Гарик громко выдохнул и налил по последней. Выпив, поднялся со скамейки и достал две сигареты. Дуст потянулся рукой, но Гарик отстранился, подошёл к могиле и положил сигареты у памятника, рядом со стопкой. Повернулся к Дусту, тяжело посмотрел и выдавил, словно гной из раны:

– Я без Костяна играть не буду.

И пошёл прочь.

По природе Гарик был молчуном, много слушал и мало говорил. Всё меняла сцена. Его дисторшн растерзывал зал, а голос, словно вывернутая наизнанку мантра, с кровью вырывала из публики унисоновые вопли. Но стоило умереть последнему звуку, как Бес покидал Гарика и он тихо произносил в микрофон: "Спасибо большое". После чего до конца сейшна сидел с парочкой приятелей за миниатюрным столиком в углу зала. Потягивал бесплатную "троечку" – так администрация клуба расплачивалась с музыкантами – и равнодушно взирал на товарищей по грифу, безумствовавших на сцене.

Любые зачатки личного счастья искоренялись им немедленно – в утробе. Едва на горизонте начинала маячить хрупкая женская фигура с претензией на его – Гарика – личное пространство, он проявлял самого же изумляющую сдержанность и с выражением безразличия на лице вдавливал обратно в себя это рвущееся на Свет Божий мелкое голозадое существо с луком и целым колчаном отравленных стрел промеж крыльев. Затем немедленно уходил в двухнедельный запой. По возвращении чувствовал себя препогано, но понимал, что жить можно. И снова – "вечная весна в одиночной камере".

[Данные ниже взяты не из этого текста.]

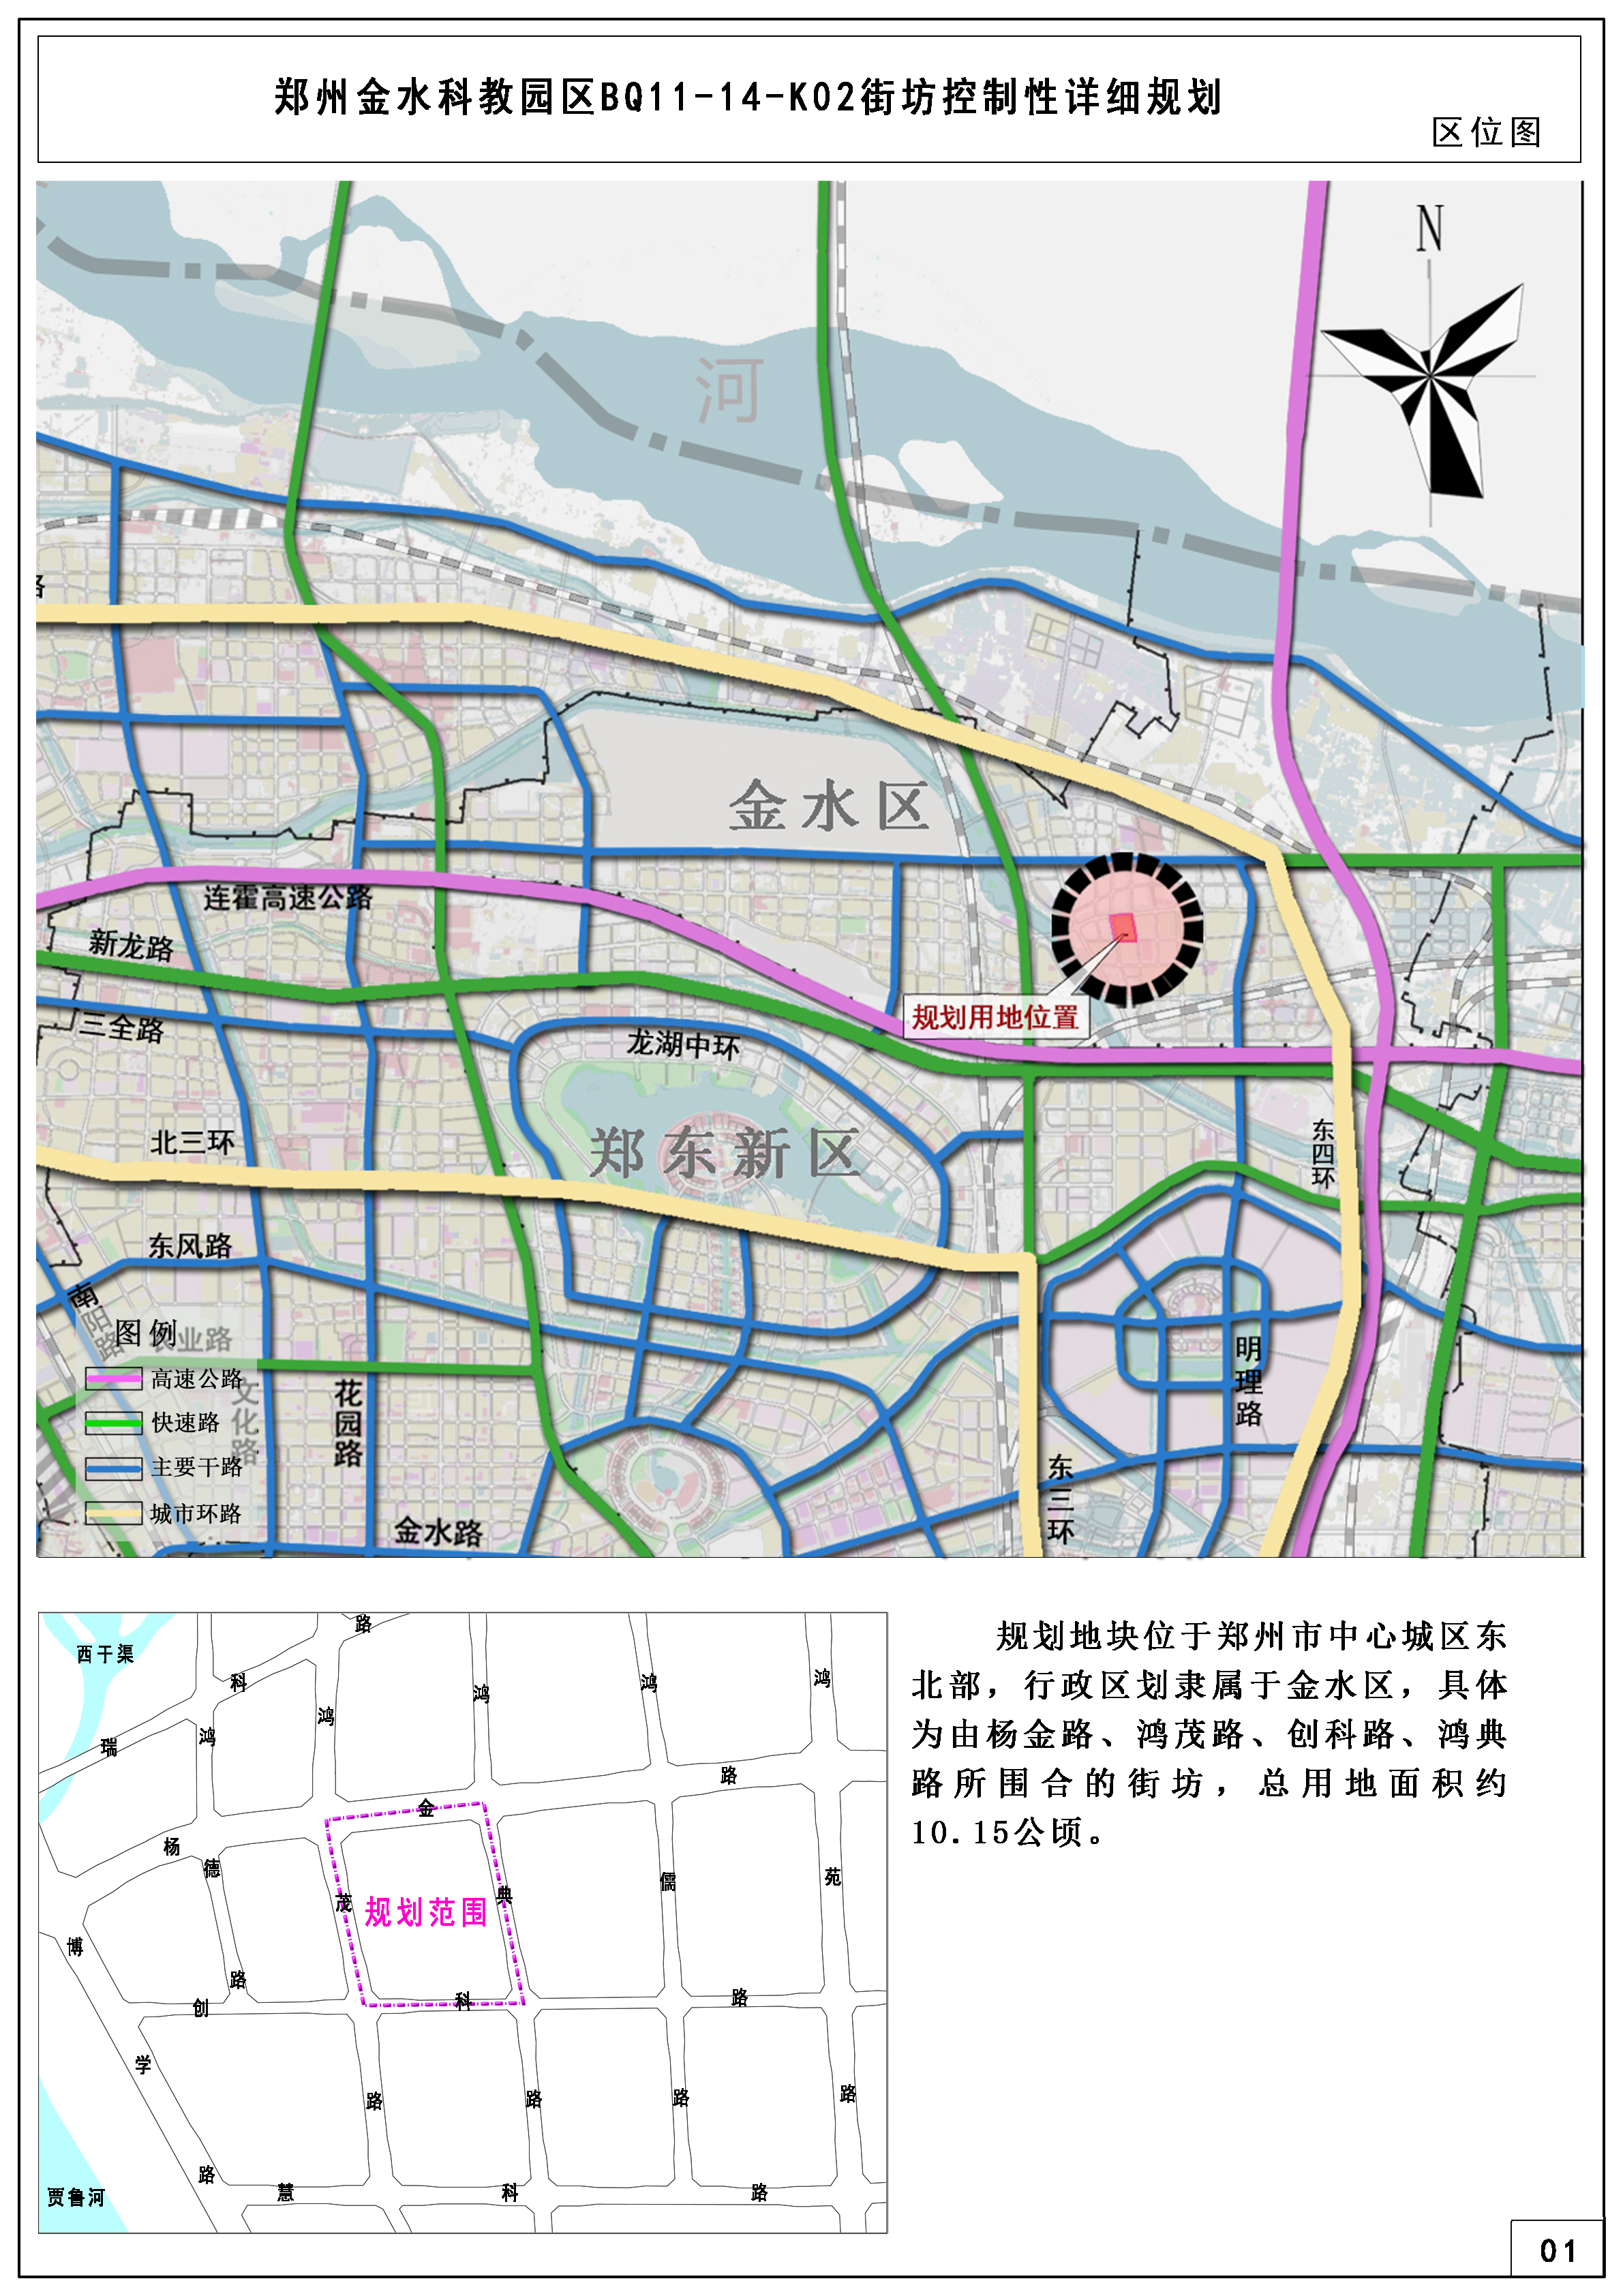 郑州金水科教园区BQ11-14-K02街坊控制性详细规划

В десятом классе он водил дружбу с прыщавым отличником. Экзотичный союз нелюдимого панка и зализанного ботаника зиждился на любви к двум вещам: группе "Nirvana" и прелестной молодой особе из выпускного класса. Гарик даже научил очкарика играть несколько песен, что тотчас вылилось в буйную страсть ботана: он драл струны часами, вероятно, ради отвлечения от мыслей о любви первостепенной. Но это не сработало: когда девушка, получив аттестат, упорхнула из Градска в столичный вуз, ботаник в тот же вечер, нацарапав записку с соответствующими объяснениями, повесился на ремне от гитары. Именно это обстоятельство заложило в мозг Гарика алгоритм, который мыслился им самим, как защитный. "И кто из нас двоих после этого панк?" – разочарованно думал он. И вспоминал слова одного безупречного блондина о том, что жизнь – это очередь за смертью, но некоторые лезут без очереди.

События последних дней что-то изменили. Гарик пил под "Nevermind" и силился согнать в одну мысль обрывки смутных предчувствий и желаний. Он казался себе младенцем, плывущим за долларом, – вот-вот должно случиться что-то, что переломит линию его жизни и, независимо от него самого, он скоро будет значить нечто большее, качественно другое, нежели значит теперь.

Спать не получалось. А в те редкие часы, когда сон наваливался, ему снилась цветущая сирень, розовые волосы, весна и лёгкость; снилось тепло и психоделические абстракции. Префронтальная кора мозга отчаянно безумствовала. Не спалось, не сиделось и не стоялось. Алкоголь не помогал – лишь загонял в совершенно левое состояние, при котором чесались глаза и учащался пульс.